Разогнавшись, Федя совсем не заметил Анну, спустившуюся до середины лестницы.
— Есть контакт! — победоносно сказала Анна. — Всё, Лёлька: пора собираться. Через два часа будет такси.
Фёдор оборвался на полуслове... медленно повернулся от Анны к Лёле... — и вдруг ему стала понятна Лёлина необычная мягкость, покорность... виноватость... И быстро-быстро, болезненно запульсировал шрам надо лбом.
— Но ведь... ты говорила, что не поедешь? — проговорил он, неосознанно трогая голову.
— Я говорила? — искренне удивилась Лёля. — Когда?
Федя сообразил, что действительно: только он, он один,
сам решил за неё — и даже не то решил, что Лёля не едет с Белявскими, — а решил, что они её приглашают сугубо формально... Но Анна-то могла переиначить... И, конечно, переиначила, только чтобы его проучить...

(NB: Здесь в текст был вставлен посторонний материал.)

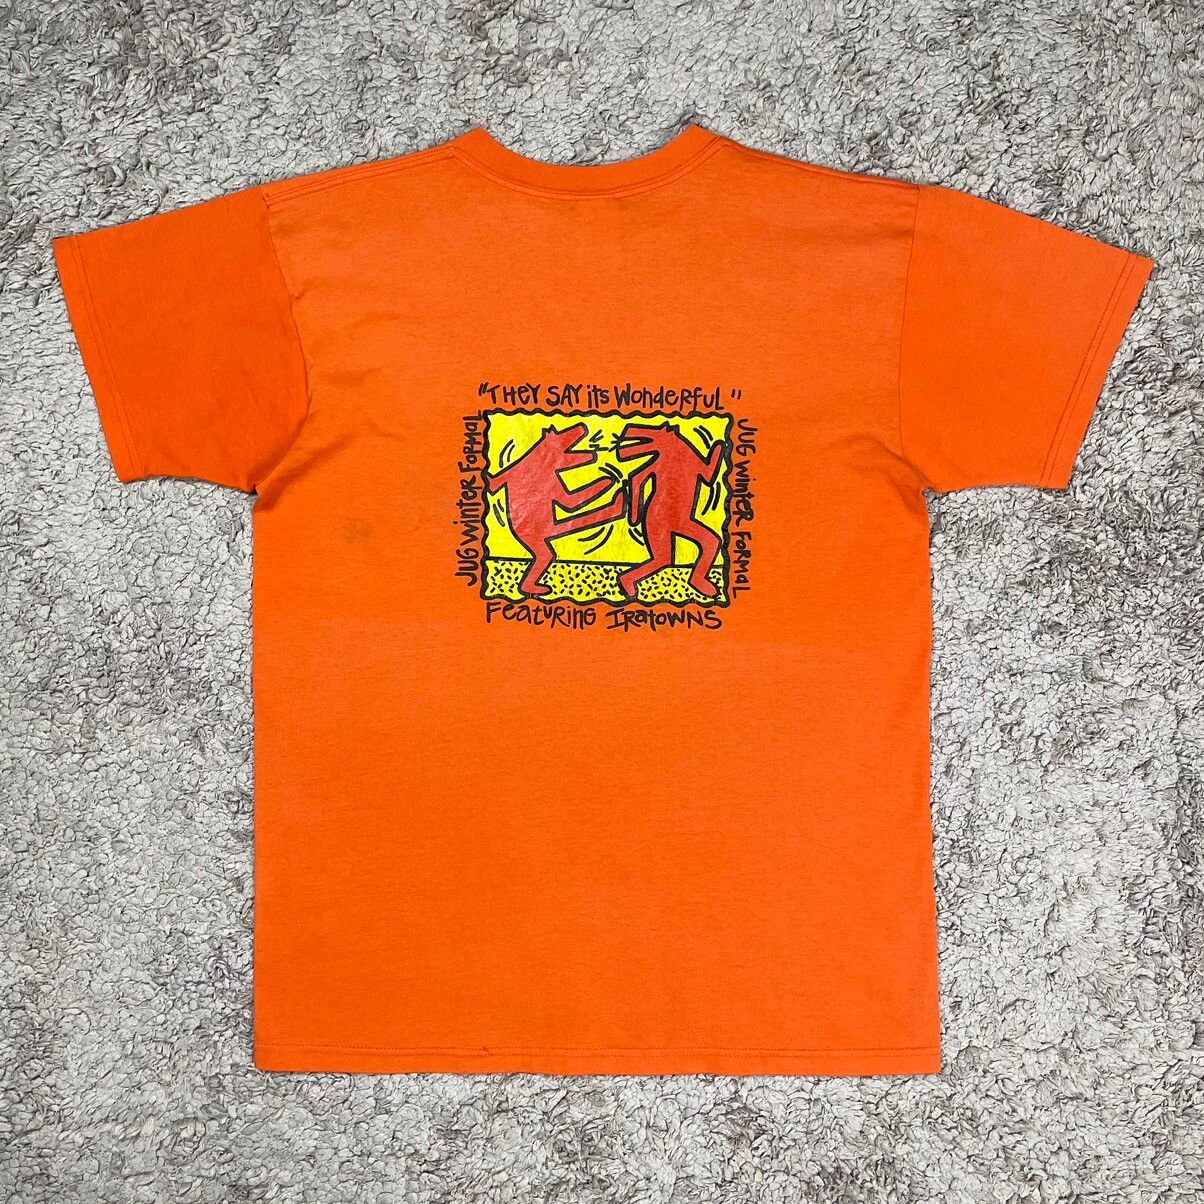 Vintage Vintage Art Keith Haring Parody T-shirt | Grailed

Тем временем Лёля встала из кресла.
Проходя мимо Феди, приостановилась и — в первый раз — мягко дотронулась до Фединого плеча, почти погладила.
Он поймал её руку, и, глядя снизу вверх, проговорил:
— Как ты думаешь... может быть, имеет смысл... задержаться?..
— Ты меня спрашиваешь? — Лёля чуть-чуть улыбнулась.
— Ну да, тебя... — пробормотал Федя в недоумении. — Задержаться буквально на несколько дней? День-другой?..
— Зачем, Федя? — мягко ответила Лёля.
Фёдор сообразил, что она в первый раз назвала его по имени.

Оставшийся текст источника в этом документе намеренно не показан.